C’était debout sur une borne, accroché de là main droite à
un anneau scellé dans la muraille, tandis que de la main gauche il semblait
rallier une armée de fugitifs ; c’était un homme qui, voyant passer toute
cette mer furieuse à ses pieds, tantôt lançait une parole, tantôt faisait un
geste. À cette parole, à ce geste, on voyait alors parmi la foule quelque
individu isolé s’arrêtant, faisant un effort, luttant, se cramponnant pour
arriver jusqu’à cet homme. D’autres, arrivés à lui, semblaient dans les
nouveaux venus reconnaître des frères, et ces frères, ils les aidaient à se
tirer de la foule, les soulevant, les soutenant, les attirant à eux. Ainsi déjà
ce noyau d’hommes luttant avec ensemble, pareil à la pile d’un pont qui divise
l’eau, était parvenu à diviser la foule et à tenir en échec les masses des
fugitifs.

À chaque instant, de nouveaux lutteurs qui semblaient sortir
de dessous terre à ces mots étranges prononcés, à ces singuliers gestes répétés,
venaient faire cortège à cet homme.

Gilbert se souleva par un dernier effort ; il sentait
que là était le salut, car là était le calme et la puissance. Un dernier rayon
de la flamme des charpentes, se ravivant pour mourir, éclaira le visage de cet
homme. Gilbert jeta un cri de surprise.

– Oh ! que je meure, que je meure, murmura-t-il, mais
qu’elle vive ! Cet homme a le pouvoir de la sauver.

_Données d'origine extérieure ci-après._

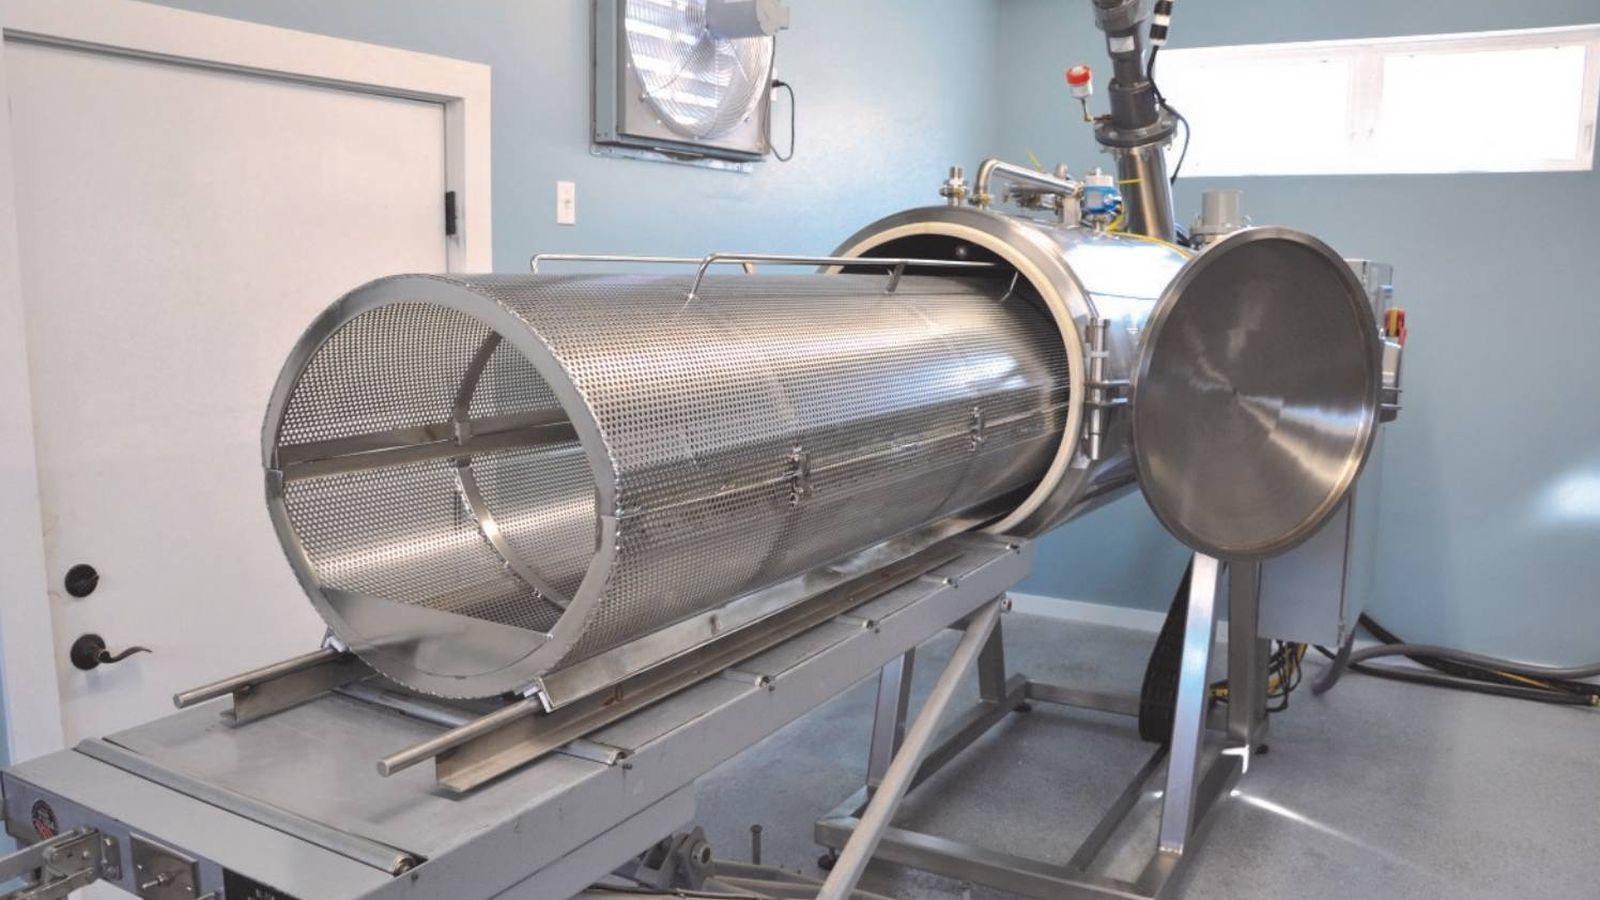 Foto: Imagen de la máquina que se utiliza en la hidrólisis alcalina. (Bio-Response Solutions)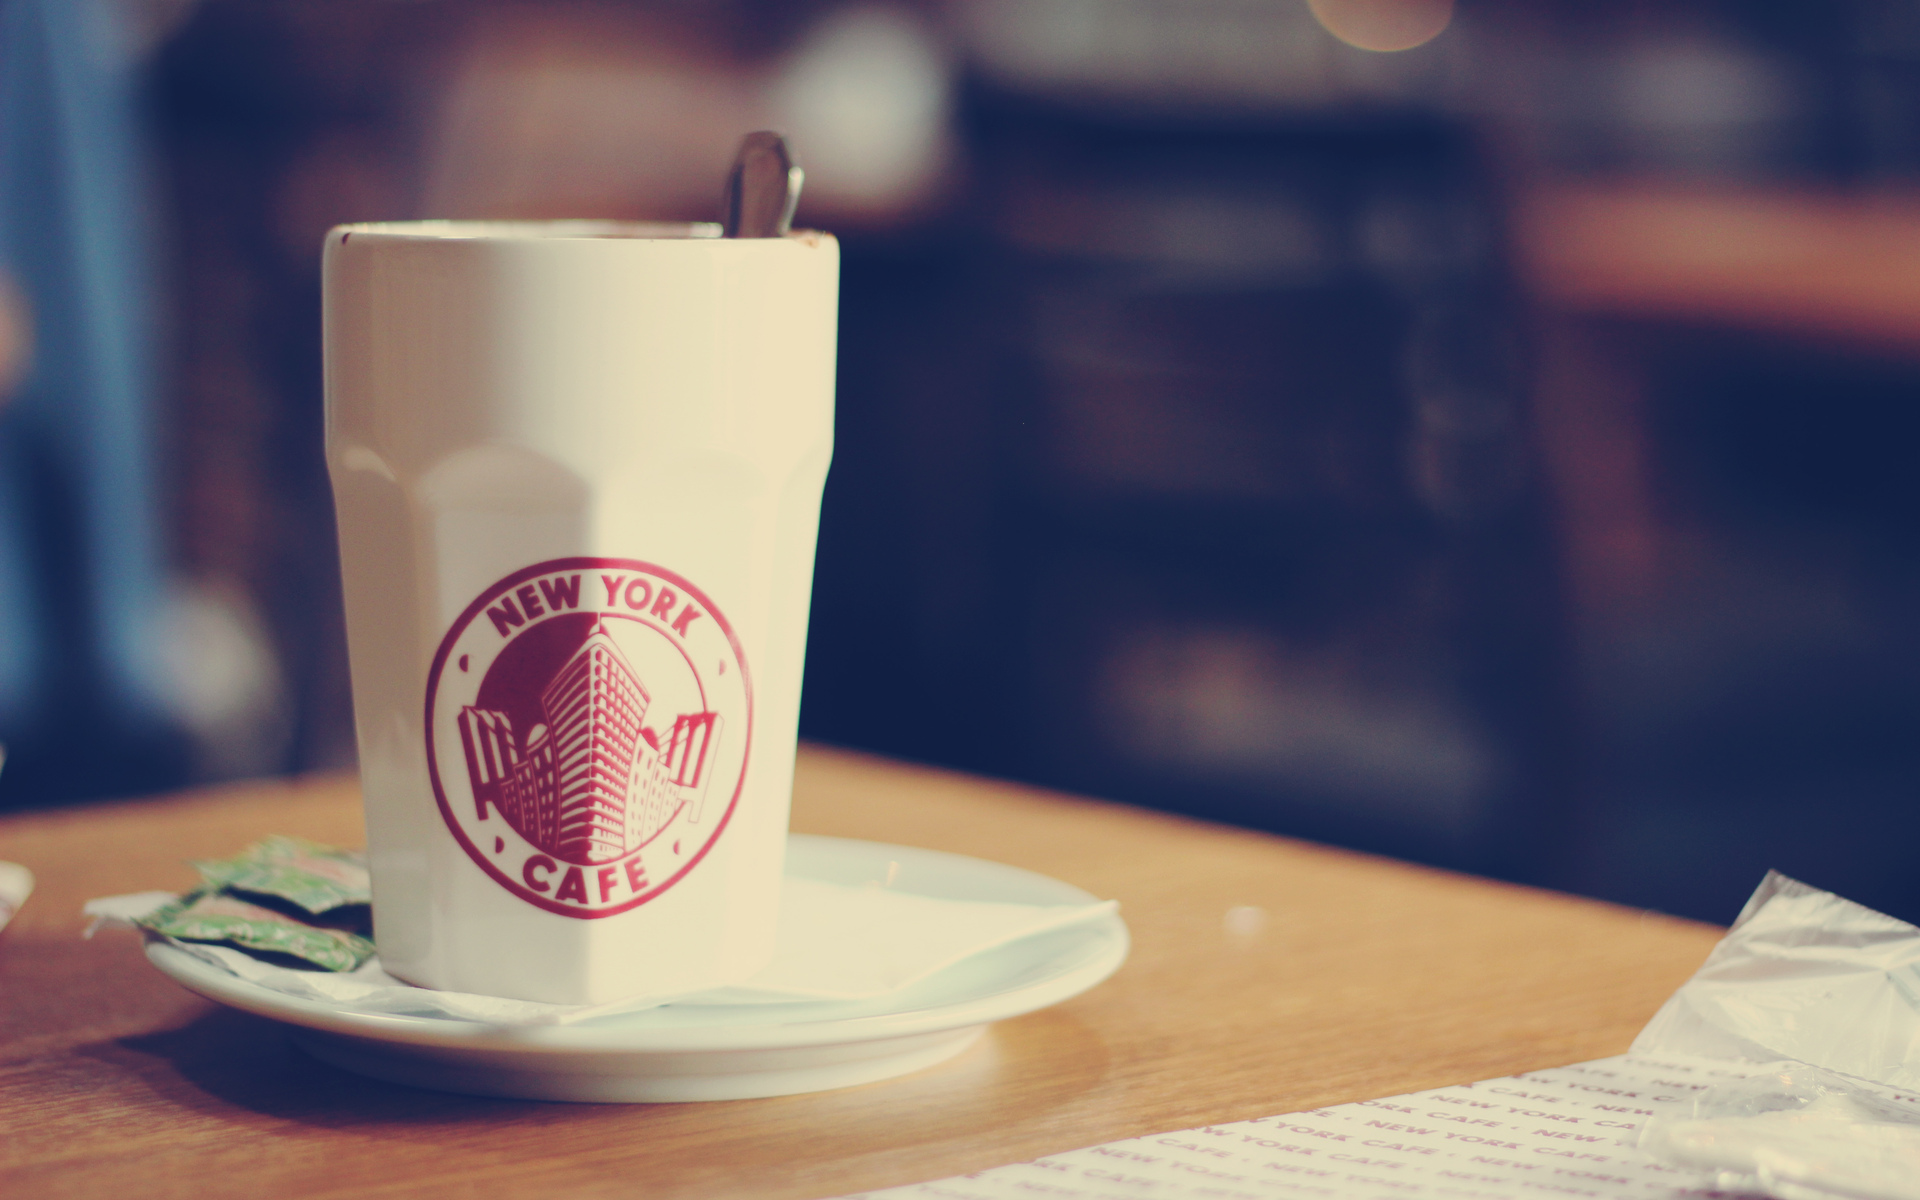 ニューヨークカフェ 珈琲コーヒー好き向け カフェに入った気分にさせてくれる Coffeeコーヒー Pc壁紙 Naver まとめ

Et dans un état d’abnégation sublime, soulevant la jeune
fille sur ses deux poings :

– Monsieur le baron de Balsamo ! cria-t-il, sauvez mademoiselle
Andrée de Taverney !

Balsamo entendit cette voix, qui, comme celle de la Bible,criait
des profondeurs de la foule ; il vit se lever au-dessus de cette onde
dévorante une forme blanche ; son cortège bouleversa tout ce qui lui
faisait obstacle ; et, saisissant Andrée, que soutenaient encore les bras
défaillants de Gilbert, il la prit, et, poussé par un mouvement de cette foule
qu’il avait cessé de contenir, il l’emporta sans avoir le temps de détourner la
tête.

Gilbert voulut articuler un dernier mot ; peut-être, après
avoir imploré la protection de cet homme étrange pour Andrée,voulait-il la
demander pour lui-même, mais il n’eut que la force de coller ses lèvres au bras
pendant de la jeune fille, et d’arracher, de sa main crispée, un morceau de la
robe de cette nouvelle Eurydice que lui arrachait l’enfer.

Après ce baiser suprême, après ce dernier adieu, le jeune
homme n’avait plus qu’à mourir ; aussi n’essaya-t-il point de lutter plus
longtemps ; il ferma les yeux, et, mourant, tomba sur un monceau de morts.